Breakthrough in Developing Electrocatalysts for CO2 Reduction through Elemental Doping

Recently, the research group of Prof. Jie Zeng has made a breakthrough in the preparation of formate and CO from electrochemical reduction of CO₂ by using Ni doped SnS₂ nanosheets with different doping contents as electrocatalysts. SnS₂ nanosheets with appropriate Ni content were shown to possess enhanced activity and selectivity toward CO₂ electrochemical reduction. This work was published on Angew. Chem. Int. Ed (Angew. Chem. Int. Ed. 2018, 57, 10954-10958) entitled as “Nickel Doping in Atomically Thin Tin Disulfide Nanosheets Enables Highly Efficient CO₂ Reduction”. Graduate students An Zhang, Rong He, and Huiping Li were the co-first authors of this work.

In CO₂ electroreduction, the critical bottleneck lies in the activation of CO₂ into a radical anion (CO₂^•-) which requires a high reduction potential of -1.9 V vs NHE. Generally, the CO₂ activation concerns an electron transfer from catalysts to a CO₂ molecule, which was closely associated with the electronic structure of catalysts. A powerful method to tailor the electronic structure of catalysts is elemental doping, because the introduction of heteroatoms leads to the hybridization of energy levels between dopants and pristine catalysts. Therefore, elemental doping provided a promising opportunity to facilitate CO₂ activation and thereby improve the performance of CO₂ electroreduction by modifying the electronic structure of catalysts.

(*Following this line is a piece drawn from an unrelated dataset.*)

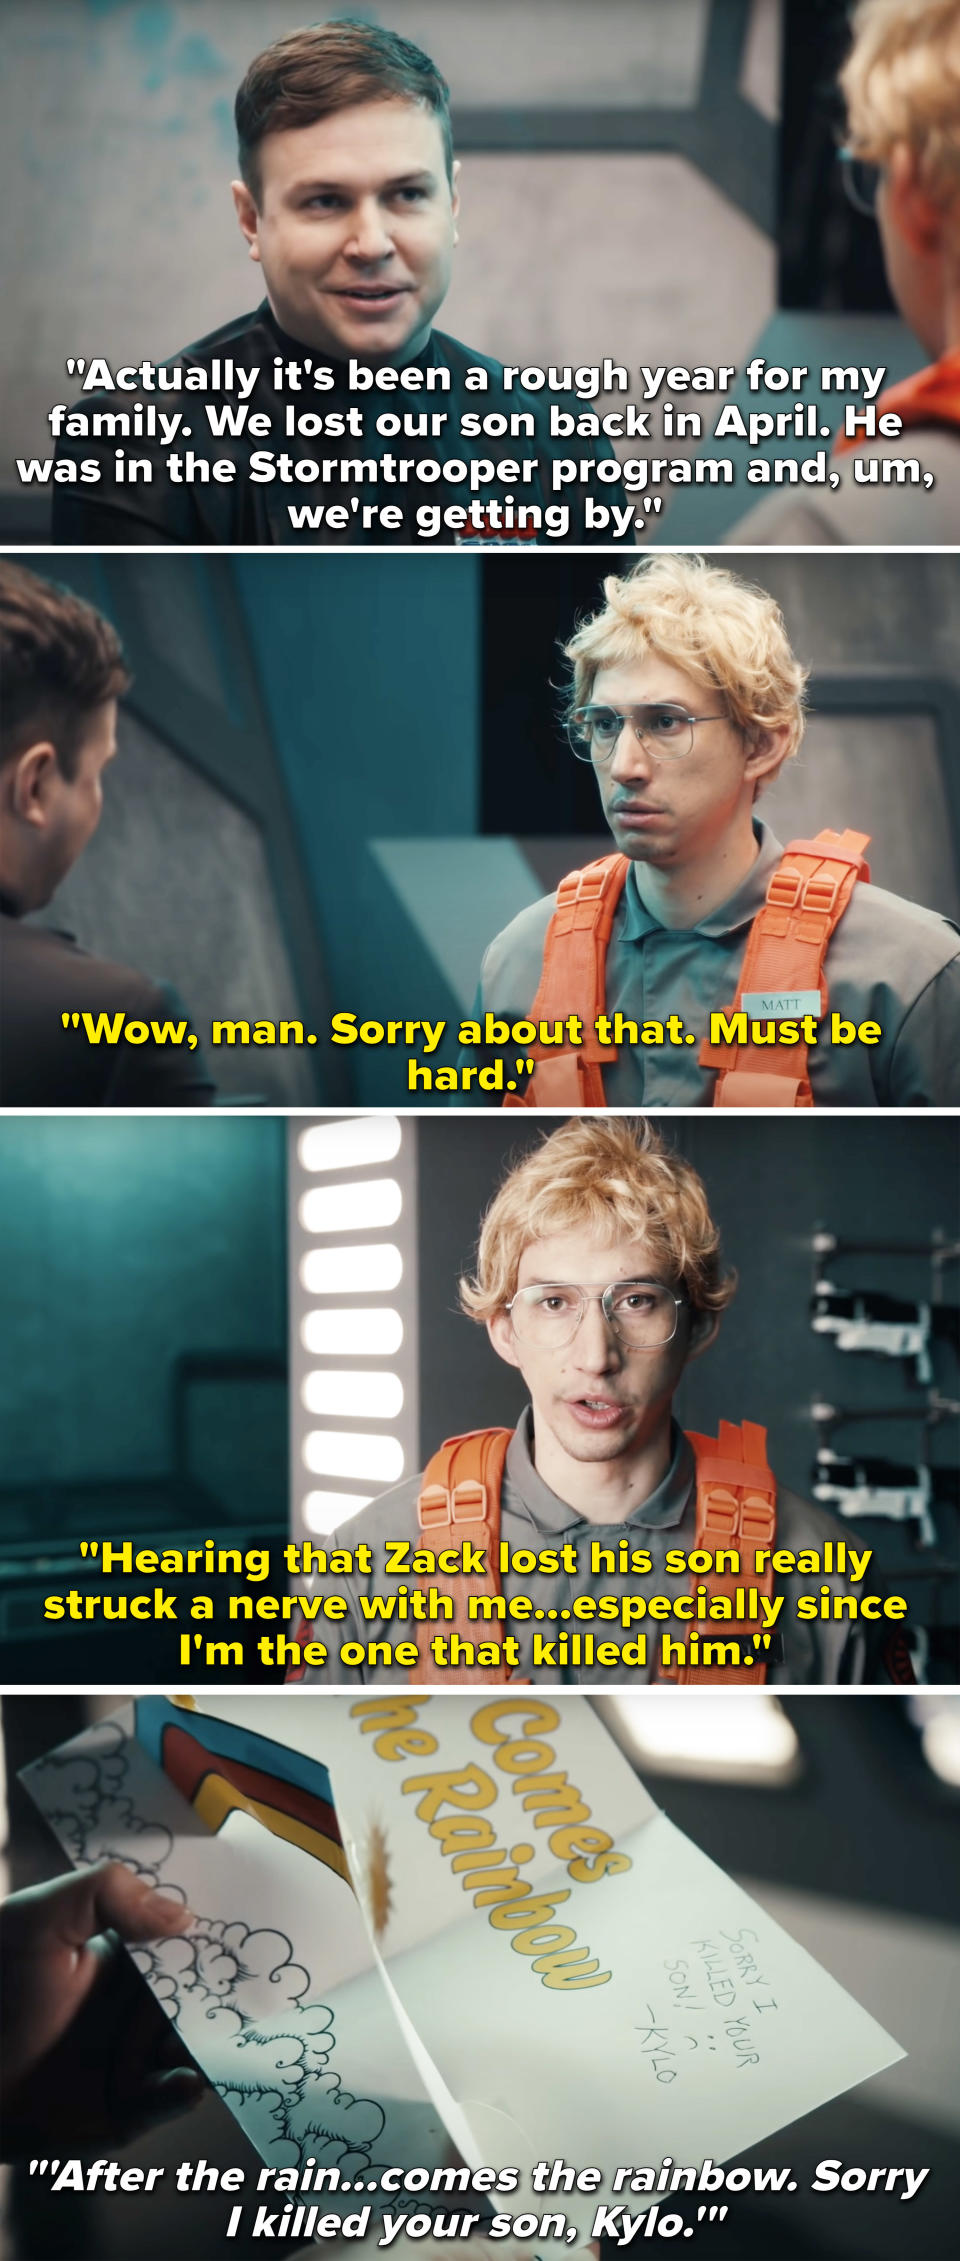 Adam in a skit saying he killed the character's son, but is sad for the dad and writes him a card that says, "after the rain comes the rainbow, sorry I killed your son, Kylo"

The mapping spectra of Ni doped SnS₂ nanosheets and the electrochemical performances for CO₂ reduction.

Herein, we modified atomically thin SnS₂ nanosheets with Ni doping for enhanced performance towards CO₂ electroreduction. The Ni doped SnS₂ nanosheets exhibited higher current density and Faradaic efficiency (FE) for carbonaceous product than those of the pristine SnS₂ nanosheets. When the Ni content was 5 atm %, the Ni doped SnS₂ nanosheets achieved a remarkable FE of 93% for carbonaceous product with a current density of 19.6 mA cm^-2 at -0.9 V vs RHE. During the potentiostatic test, the Ni doped SnS₂ nanosheets remained a steady FE for carbonaceous product without obvious decay of current density. Mechanistic study revealed that Ni doping generated a defect level at conduction band edge and decreased the work function of SnS₂ nanosheets, which benefited the activation of CO₂ and accordingly improved the catalytic performance in CO₂ electroreduction.

This work was supported by CAS, MOST of China, and National Natural Science Foundation of China.